The Country of Blinds is a studio album by American experimental rock and jazz band Skeleton Crew, recorded at Sunrise Studio, Kirchberg, Switzerland, December 1985 and January 1986. It was their second and final album and was released in 1986.

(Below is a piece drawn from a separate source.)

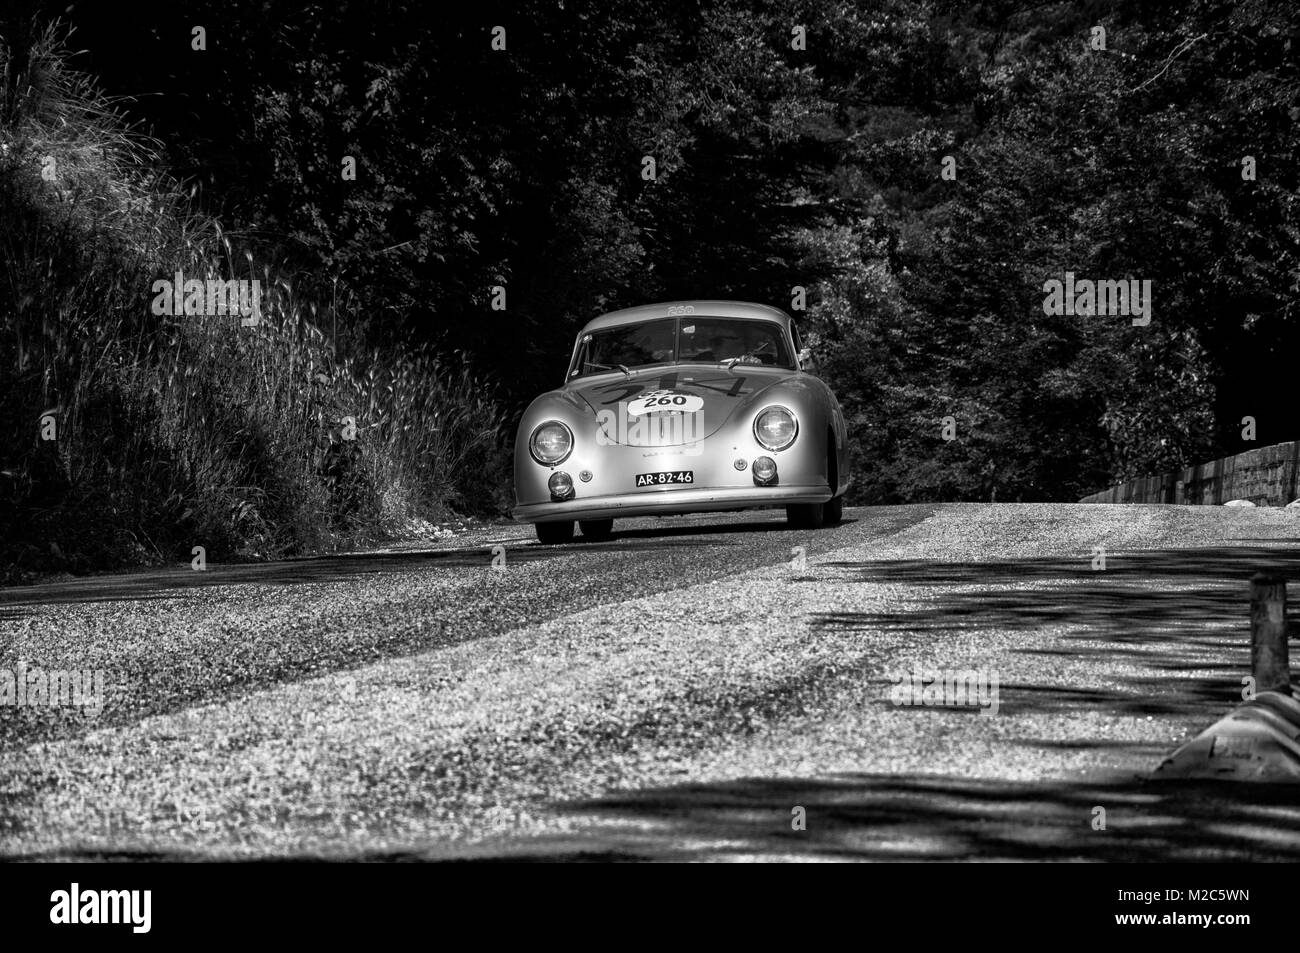 GOLA DEL FURLO, ITALY - MAY 19: PORSCHE 356 1500 SUPER 1952 an old racing car in rally Mille Miglia 2017 the famous italian historical race (1927-1957 Stock Photo

Skeleton Crew had become the trio of Fred Frith, Tom Cora and Zeena Parkins when this album was made. The music here is richer, more rhythmic and fuller-sounding and the songs more developed than on their first album; this ultimately led to the band's break-up. Frith explained that "we actually started to sound like a normal rock and roll band so it seemed kind of pointless to go on at that point."

Professional ratings
Review scores
| Source | Rating |
| AllMusic | Star |

==Track listing==

Side A
| No. | Title | Writer(s) | Length |
|---|---|---|---|
| 1. | "The Country of Blinds" | Skeleton Crew, Cora | 4:10 |
| 2. | "Money Crack" | Skeleton Crew | 0:58 |
| 3. | "The Border" | Skeleton Crew, Anne Hemenway | 3:28 |
| 4. | "The Hand that Bites" | Skeleton Crew, Frith | 5:32 |
| 5. | "Dead Sheep" | Skeleton Crew, Cora, Frith | 3:22 |
| 6. | "Bingo" | Skeleton Crew, Frith | 3:34 |

Side B
| No. | Title | Writer(s) | Length |
|---|---|---|---|
| 7. | "Man or Monkey" | Skeleton Crew, Cutler | 2:37 |
| 8. | "Foot in Hole" | Skeleton Crew | 3:08 |
| 9. | "Hot Field" | Skeleton Crew | 2:36 |
| 10. | "The Birds of Japan" | Skeleton Crew, Frith | 4:00 |
| 11. | "You May Find a Bed" | Skeleton Crew, Frith, Sharp | 6:10 |

===Track notes===
- "Money Crack", "Hot Field" and the last section of "You May Find a Bed" were recorded live in Reykjavík, Iceland, November 4, 1985.

==Personnel==
- Tom Cora – cello, bass, accordion, drums, contraptions, singing
- Fred Frith – guitar, 6-string bass, violin, home-mades, drums, singing
- Zeena Parkins – organ, electric harp, accordion, drums, singing

===Sound and art work===
- Tim Hodgkinson – engineer, producer
- Katrina Brändli – assistant engineer
- Fred Frith – cover art work

==CD reissues==
In 1990 RecRec Music re-issued The Country of Blinds together with Skeleton Crew's previous album Learn to Talk on a single compilation CD, Learn to Talk / Country of Blinds, omitting "Money Crack" from The Country of Blinds, and "Los Colitos" and "Life At The Top" from Learn to Talk.

In 2005 Fred Records re-issued Learn to Talk / Country of Blinds on a double compilation CD, omitting only "Money Crack" from The Country of Blinds, and adding ten extra tracks.